Ole, in the meantime, didn’t seem to be agonising much. He simply changed his flight, came to Moscow the day after me, and invited me for our first date. It took place in a BBC studio café over plates of pasta. The pasta was quickly getting cold and the conversation hard to follow as every fifteen minutes I would run into the studio to get miked, check the connection, and then do the interview.
A few days after we both returned to New York, he ended his relationship, came over for dinner and, basically, never left.
He quickly and effortlessly became friends with my son, and after a few months it was hard to believe that there was ever a time when we weren’t together. The feeling that we come from different planets didn’t immediately go away. The third date was an epic fail. He took me to see the ventriloquist Jeff Dunham. Raised in the sophisticated tradition of Russian stand-up comedy, I smiled politely and couldn’t believe anybody would laugh at that (full disclosure, I warmed up to Jeff Dunham eventually). I almost ended it when Ole fell asleep watching my favourite movie, Claude Lelouch’s “A man and a woman.”
Ole found my taste in music horrendous and I gave up trying to explain the point of poetry to him.
And then, none of this mattered.

We became a dream work partners as HRW started sending us on missions together — first reluctantly and then as a matter of course. Sri Lanka, Kyrgyzstan, Syria… We got through frontlines posing as a vacationing couple; wrote reports in record time because we could literally finish each other’s sentences and thus work, when necessary, through days and nights without a break; we drove through checkpoints, sought shelter from the bombs, and confronted hostile authorities and rebels. We fought fiercely over paragraphs in the report, security plans, or advocacy strategies — but never about anything else.

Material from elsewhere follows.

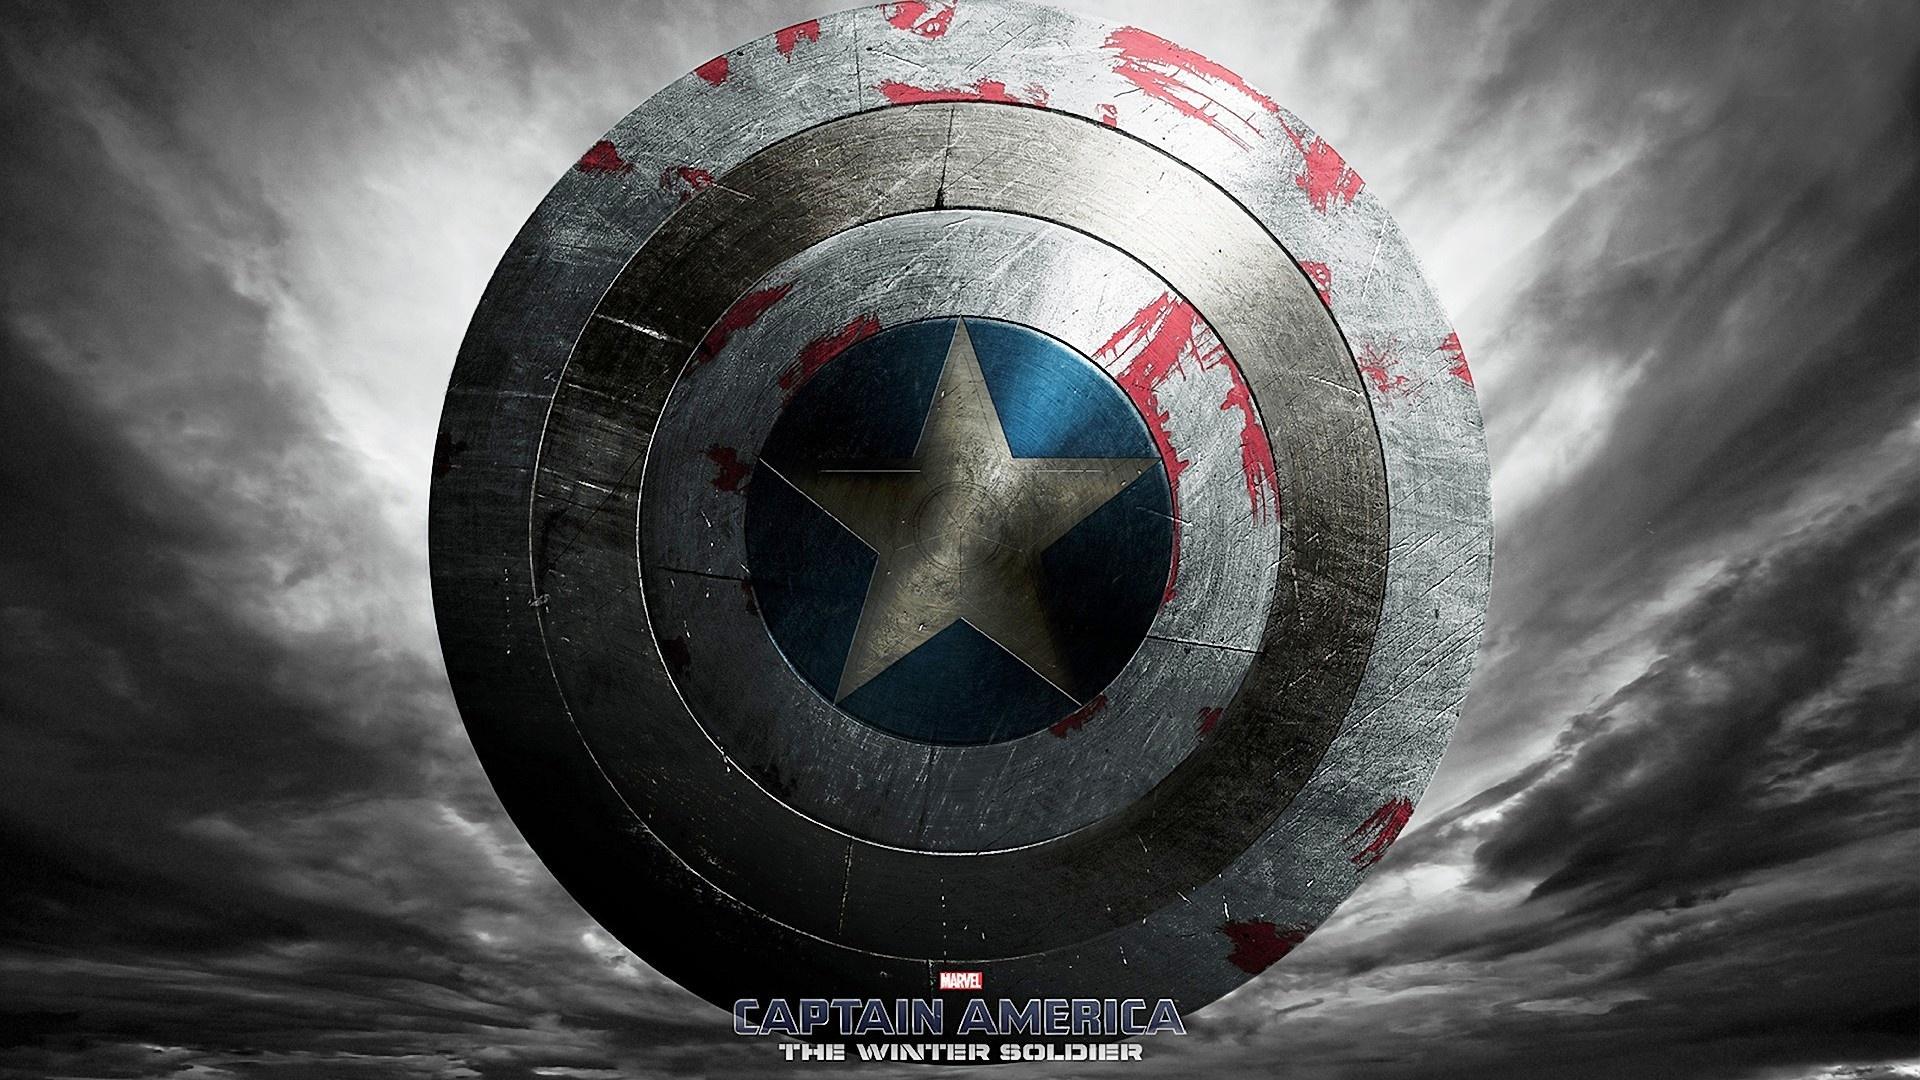 Captain America The Winter Soldier Wallpaper: Captain America Winter Soldier Wallpaper

In between, we danced salsa, travelled all over the world with Danya and friends, moved houses and countries, got married in three different ceremonies, and, one by one, produced the three additional kids my mom had predicted.
At times, I feel like we’ve been together forever, not just in this, but in all of our previous lives. And then there are moments I am struggling to believe it’s been ten years. I look at our kids, our “grown-up” house, his greying hair and my emerging wrinkles and wonder: wasn’t it just yesterday that we were sitting in the car on a deserted road in the middle of Georgia, savouring the peaches?

We don’t work together anymore, having left Human Rights Watch to join other organisations, and if there is one thing that I miss most in my current life, it’s that — heading into the unknown together, and together fighting against all odds for the abused and the forgotten.
For now, we have to take turns. While one goes into the field, the other changes diapers, fixes playdates, runs to after-school activities and attends parent-teacher conferences.
We’ve missed or forgotten most of our anniversaries, but this time we couldn’t be anywhere else. We sit in Tbilisi, around a table which, as always, has enough food to feed an army, all of it delicious. Giorgi, who by now also has three gorgeous children, and is our daughter’s godfather, raises a glass, and the toasts begin. Rachel is here, and my parents, and I look at them all, counting my countless blessings. Cheers to this beautiful place, may it be peaceful forever. Cheers to our wonderful friends and loved ones, who have been with us through everything. Cheers to our three sons and daughter who will one day read this story and roll their eyes, or maybe smile. Cheers to you, Ole Solvang, the love of my life. One day, you’ll be driving again and I’ll navigate, and we’ll inevitably get in trouble again. Cheers to that.